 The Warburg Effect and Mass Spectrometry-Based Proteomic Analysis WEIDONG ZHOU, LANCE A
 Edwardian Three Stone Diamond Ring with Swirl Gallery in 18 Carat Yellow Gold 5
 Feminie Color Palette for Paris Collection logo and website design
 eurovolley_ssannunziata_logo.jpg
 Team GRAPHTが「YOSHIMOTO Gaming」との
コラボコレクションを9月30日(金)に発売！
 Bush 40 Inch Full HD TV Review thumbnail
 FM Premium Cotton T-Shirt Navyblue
======
Action item => Each entry above needs to be returned exactly as written.

Result of the task =>
 The Warburg Effect and Mass Spectrometry-Based Proteomic Analysis WEIDONG ZHOU, LANCE A
 Edwardian Three Stone Diamond Ring with Swirl Gallery in 18 Carat Yellow Gold 5
 Feminie Color Palette for Paris Collection logo and website design
 eurovolley_ssannunziata_logo.jpg
 Team GRAPHTが「YOSHIMOTO Gaming」との
コラボコレクションを9月30日(金)に発売！
 Bush 40 Inch Full HD TV Review thumbnail
 FM Premium Cotton T-Shirt Navyblue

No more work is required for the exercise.